Over the past couple of years, two hockey “enforcers” — players whose primary job is to slug opponents on the ice — have been diagnosed with chronic traumatic encephalopathy (CTE), a degenerative brain disease found in victims who have suffered repeated blows to the head. Now, alarming new research reveals that you don’t have to be a hockey fighter to put yourself at risk of brain disease.
Neuropathologists at the Boston University Center for the Study of Traumatic Encephalopathy examined the brain of Rick Martin, a seven-time NHL All-Star who played from 1971 through 1981, mostly with the Buffalo Sabres. Martin died of a heart attack, at 59, in March (CTE can only be diagnosed post-mortem). They found that Martin, who was not a frequent fighter, had stage 2 (of 4) CTE. During his life, Martin did not suffer from any of the usual CTE symptoms, such as loss of cognitive abilities, impulsive behavior or depression. Still, the mere presence of CTE is troubling, since the disease could have worsened if Martin had lived longer.
A string of recent events has caused the National Hockey League (NHL), which starts its 2011-12 season Thursday night, to rethink its player safety rules. Martin’s diagnosis will only add more pressure for reform. In January, NHL commissioner Gary Bettman revealed that concussions were on the rise, though he said the increase seemed to be caused by inadvertent contact, rather than intentional head contact from another player. The sport’s star attraction, Sidney Crosby of the Pittsburgh Penguins, missed the second half of last season due to hits he took to the head. After suffering a concussion, Crosby had trouble concentrating, and was even afraid to drive a car. His return is still uncertain.
This summer, the death of three enforcers highlighted the potential link between head trauma and mental illness. Wade Belak, a recently-retired defenseman for the Nashville Predators, died of an apparent suicide on August 31. Just two weeks before that, Rick Rypien, the former Vancouver Canucks player who had just signed a contract with the Winnipeg Jets, and had a long struggle with depression, also killed himself. In May Derek Boogaard of the New York Rangers, who had a history of substance abuse problems, died of an accidental of painkillers and alcohol. The Boston University researchers are studying Boogaard’s brain; the results are pending.

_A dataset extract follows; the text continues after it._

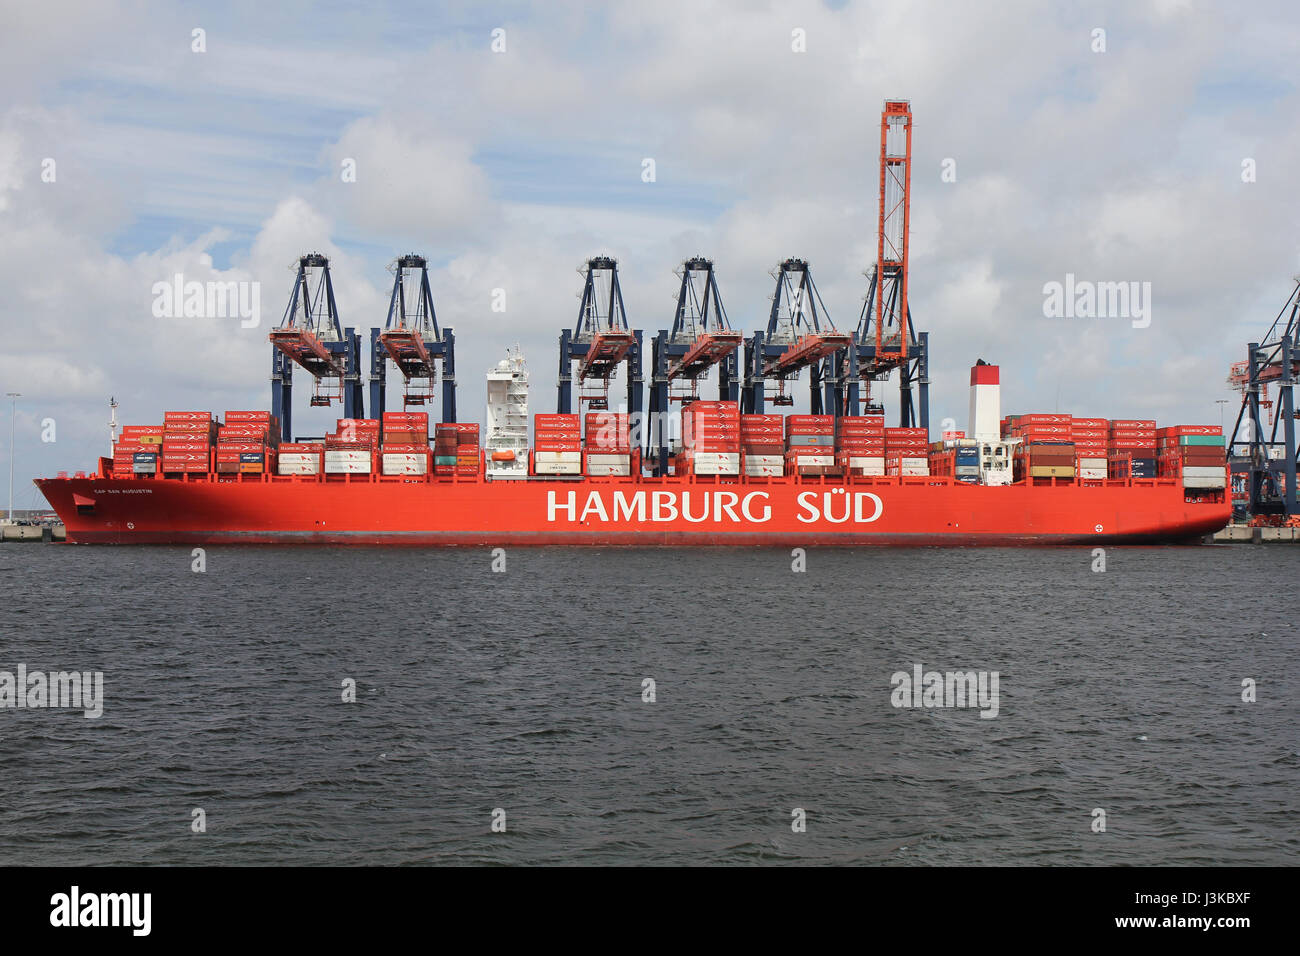 CAP SAN AUGUSTIN-Container-Schiff mit einer Kapazität von 9.600 TEU vertäut am Euromax Terminal in Rotterdam / Maasvlakte Stockfoto

While you can’t draw definite conclusions about the root cause of these tragedies, the evidence is disturbing. The Boston University lab has previously diagnosed two former NHL enforcers with CTE: Bob Probert, who died in 2010, at 45, from heart disease, and Reggie Fleming, who passed away in 2009, at 73. Fleming had suffered from dementia and other worsening CTE symptoms for 30 years.
What lessons should we draw from the diagnosis of Martin, who played left wing, rather than pugilist, on the ice? “The brain doesn’t know the source of its hits,” says Dr. Robert Stern, co-director of the Boston University lab. “It doesn’t know the difference between a fist to the face or check to the board.”
Martin’s only known concussion occurred during a 1977 game. It was an ugly one: he hit his head on the ice, causing convulsions. Martin was not wearing a helmet. In fact, he wore a helmet only in the last four years of his career, after he suffered that injury.
In addition to this known concussion, it’s virtually guaranteed that Martin received multiple subconcussive blows to the head, which can cause just as much long-term brain damage as major concussive episodes. Plus, in hockey, body checks can lead to head trauma. “A quick jolt to the body can result in a movement of the brain inside the skull,” Stern says. “Checks can also cause the head to fall to the ice, or to hit against the boards.”
While Stern and his team have diagnosed CTE only in pro hockey players, a wider subset could be at risk. In football, another sport in which frequent head shots has been linked to brain damage, CTE has been found in the brains of high school and college players. “It’s time to consider eliminating any hits to the head in youth hockey,” says Stern. “We don’t want to destroy the game of hockey. We want to make is safer for athletes of all ages.”